Thanks for putting this here. I often look at my own pursuit for authenticity as a folly of youth it seems everyone I'm supposed to look up to has grown out of. It's reassuring to know that the imprisoning armor of conformity isn't inevitable. Here's to another year of quiet rebellion :)
Reading your essays feels like cleaning my oldest, dirtiest pair of glasses... the ones that fit but are ugly so I neglect them. But then I can finally see the world I inhabit and hopefully get something done.
(your essays are actually gorgeous, of course and I thank you for sharing them with us... but I think you know what I mean)
Thank you for turning your very human and very specific authorial voice into something kind for others. Your essays have been a rest stop on the highway of a year of painful but needed changes and it brightens my day to see them come up in my notifications. I hope the writing is soothing for you and the doors that open meet the aliveness with joy.

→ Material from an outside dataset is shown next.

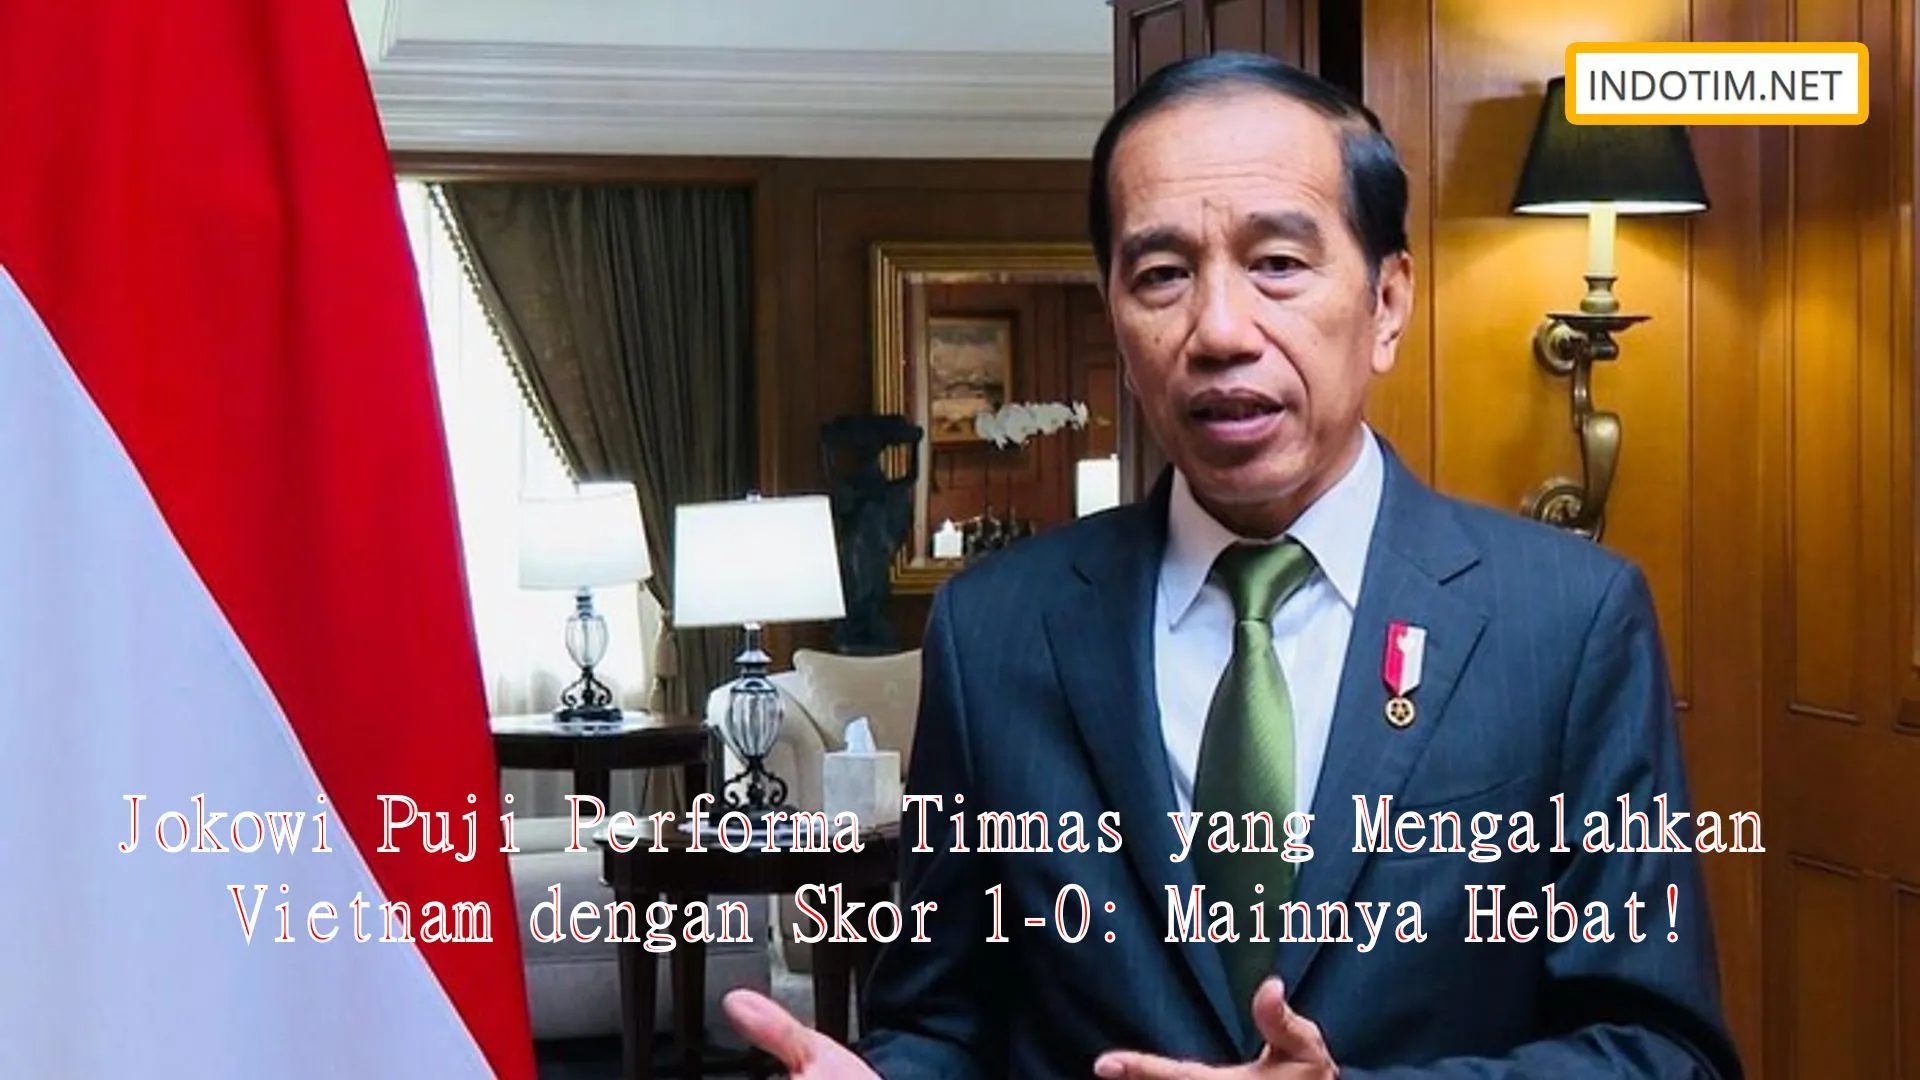 Jokowi Puji Performa Timnas yang Mengalahkan Vietnam dengan Skor 1-0: Mainnya Hebat!

At this point, I simply hit the like button before I even finish reading the post.
Beautiful, as always. Please publish all these essays in a book!
I agree! I wish I could hold these in my hands, underline and highlight and gift to friends
Timely and appreciated. I wanted to clear out my email before heading out to a New Year’s Eve gathering and found this in my inbox. So glad I took the time to read it before leaving. I will try to remember this advice-tonight and going forward.

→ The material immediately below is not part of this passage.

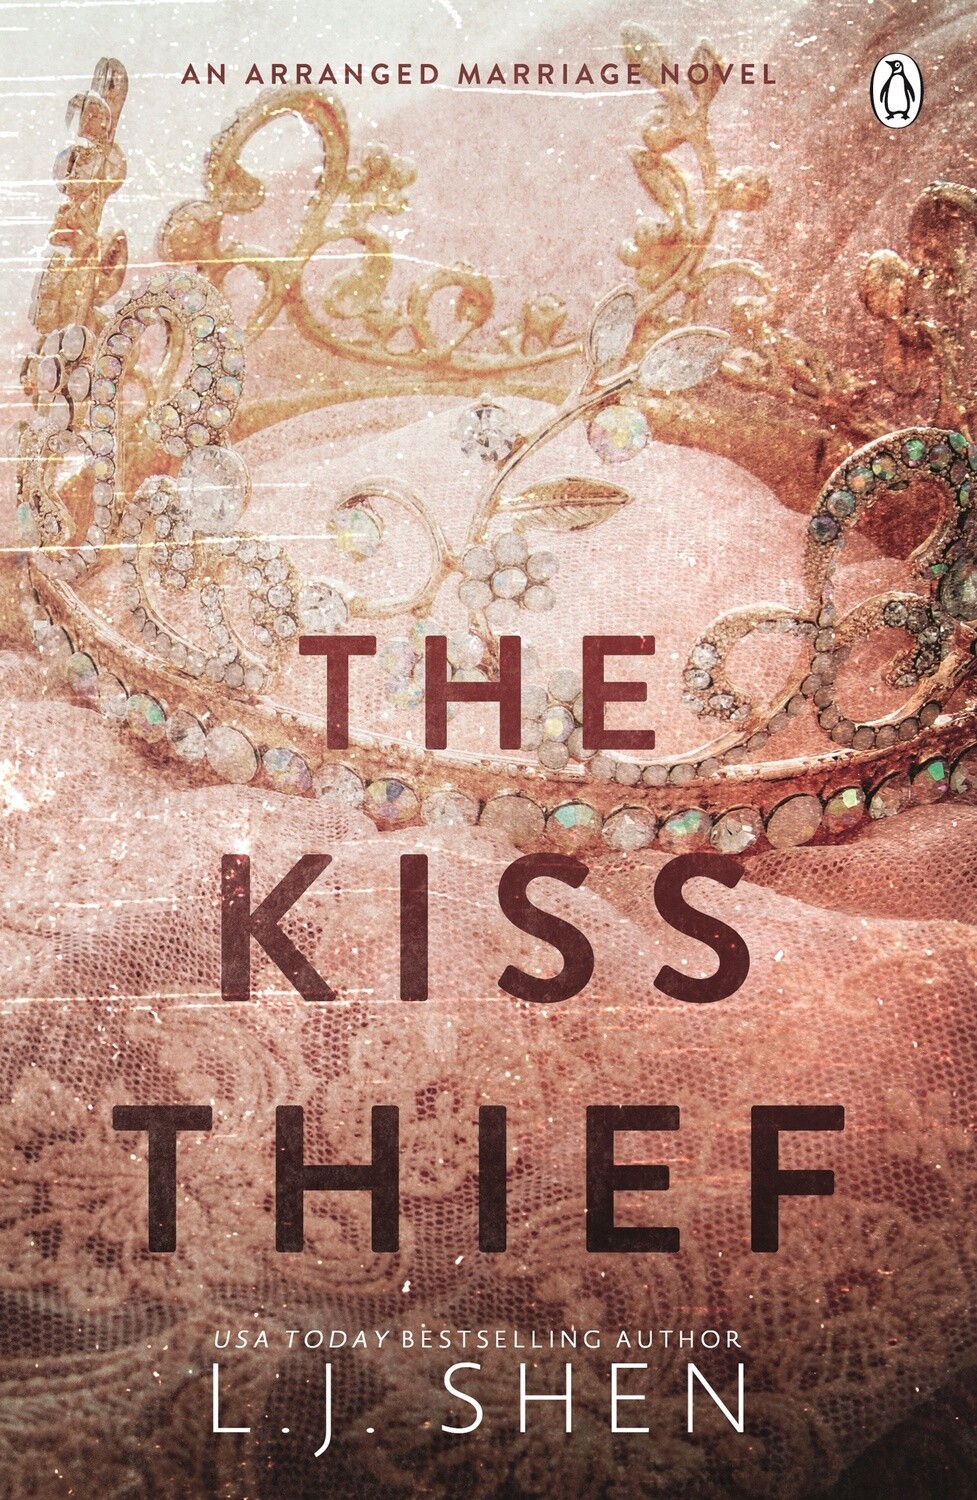 The Kiss Thief by L. J. Shen

Beautifully written and perfectly articulated. Thank you!
So the takeaway is: stop barricading yourself, pay your anxiety interest, and maybe notice things? Sounds… doable-ish. Brilliantly written, as always.
So timely, and not just because it's a New Year.
I've spent much of the last few months following genuine desire and untying knots of identity. For the first time in my life, I'm beginning to know what I actually want, and how to get there. It is uncomfortable at times, but I'm finally alive.
Thanks for continuing to write my favorite Substack.
I read this aloud to my wife over coffee this morning.
There is some very important psychology in here and some very beautiful phrases ❤️
WHO ARE YOU? WILL YOU BE MY FRIEND? I mean, I mean all of that, but just like, this piece just absolutely blows my mind in how much it elucidates the tangles in my mind, rn. Your writing is stunningly appreciated! 🙏🏾 surya
Thank you so much Surya!
Your description of presence — how the present isn’t a waiting room but the ground everything happens in — resonated deeply. Too often philosophy treats the moment as something to explain or escape, but here it feels like you're inviting us to be in the moment as the real horizon of meaning. I’ve been exploring whether eternity isn’t a later state but is embedded in the now itself.
https://theeternalnowmm.substack.com/p/the-impossibility-of-an-eternal-universe?r=71z4jh
I reccomend you guys read this while listening to pride by kendrick lamar it fit very well
When you're 75, this one hits hard. Hard, but necessary. Congrats on great writing!
"Anxiety is the interest you pay on a disaster you’ve borrowed." - YES!
This reminds me of Seneca: "A man who suffers before it is necessary, suffers more than is necessary" and suffering in imagination more than in reality when our perception of events inflates our feelings of discomfort.